All things are to be united as one, finding themselves one with each other through their unity with Christ. The eucharist is one means by which this is made possible. The eucharist is food; its is given out to be eaten. Its purpose is to make us one with Christ, not to keep him separate from us (which can be a problem when we ignore the primary purpose of the eucharist, and make it primarily something to worship instead of eat). Jesus offers himself as food he can transform us from within and make us a part of himself:

The ever-existing good desires to give himself to us as food in order to transform us into what he is. “My flesh is food indeed, and my blood is drink indeed” [Jn 6.55]. Thus the person who loves this flesh is not sensual, and he who is well disposed to this blood will be cleansed from physical blood. The Word’s flesh and blood of the person in this flesh do not constitute one grace only; rather, it is sweet for whomever tastes it, yearned for by whomever desires it and lusted after [erasmion] by whoever loves it [agaposin]. [4]

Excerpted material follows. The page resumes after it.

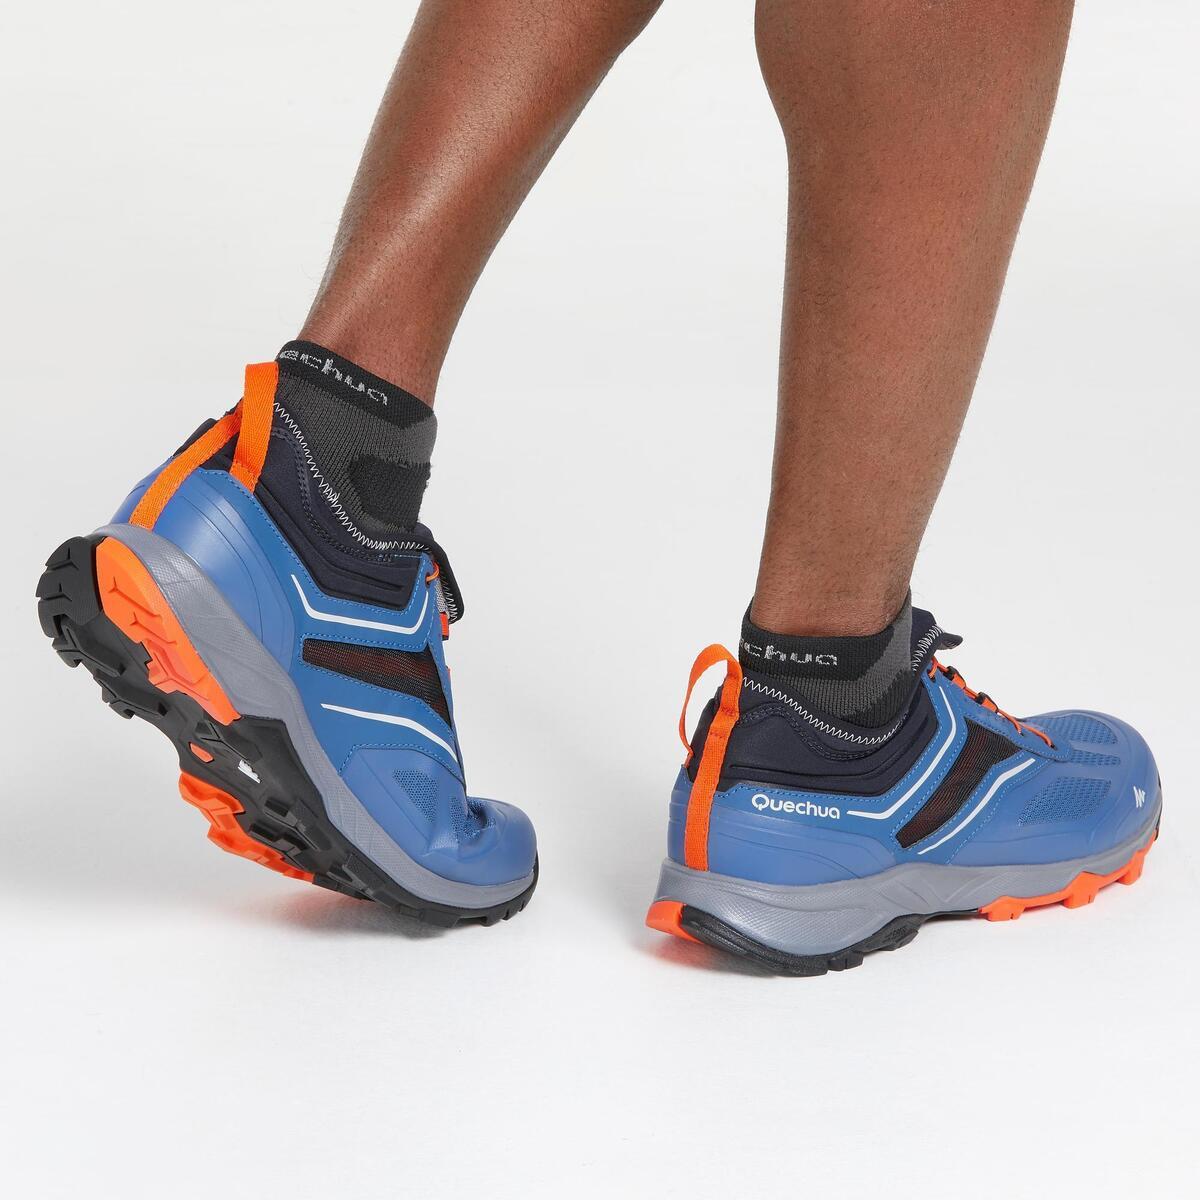 Bild 5 von Wanderschuhe Speed Hiking FH500 Helium Herren blau/orange

Due to the fall, due to sin, we have cut ourselves off from each other, indeed, from the world. Using our personal existence, we create an individualized notion of the self which then serves as a barrier between ourselves and everyone and everything else. We have lost God as the center of our being, replacing God with the false-self which we have imposed over our personal being. The eucharist works in relation to that problem by first coming to us, and then working within us to help us overcome that barrier we established so that we can then re-center ourselves on God. Then, we will find, with God as the center of our being, in and through our unity with Christ, we will no longer have any barrier between us and others so we can be united with all things (that is, in communion with all things).  This is not to say we will be absorbed by Christ in such a way that our personal existence will then come to naught, but rather, the false self, the barrier which we created based upon a bad engagement with our personal existence, will vanish, so that we can then be true to our person and find that it is as persons we not only exist, but as persons in Christ we find our true purpose and glory.


[1] St. Albert the Great, On the Body of the Lord. Trans. Sr. Albert Marie Surmanski, OP (Washington, DC: CUA Press, 2017), 133.

[2] St. Albert the Great, On the Body of the Lord, 45.

[3] St. Isaac the Syrian, “The Third Part.” Trans. Mary T. Hansbury in An Anthology of Syriac Writers From Qatar in the Seventh Century. Ed. Mario Kozah, Abdulrahim Abu-Husayn, Saif Shaeen Al-Murikhi and Haya Al Thani (Piscataway, NJ: Gorgias Press, 2015), 322-3 [V.10].

[4] St. Gregory of Nyssa, Homilies on Ecclesiastes. Trans. Richard McCambly. Ed. John Litteral (Ashland, KY: Litteral’s Christian Library Publications, 2014), 74 [Homily 8].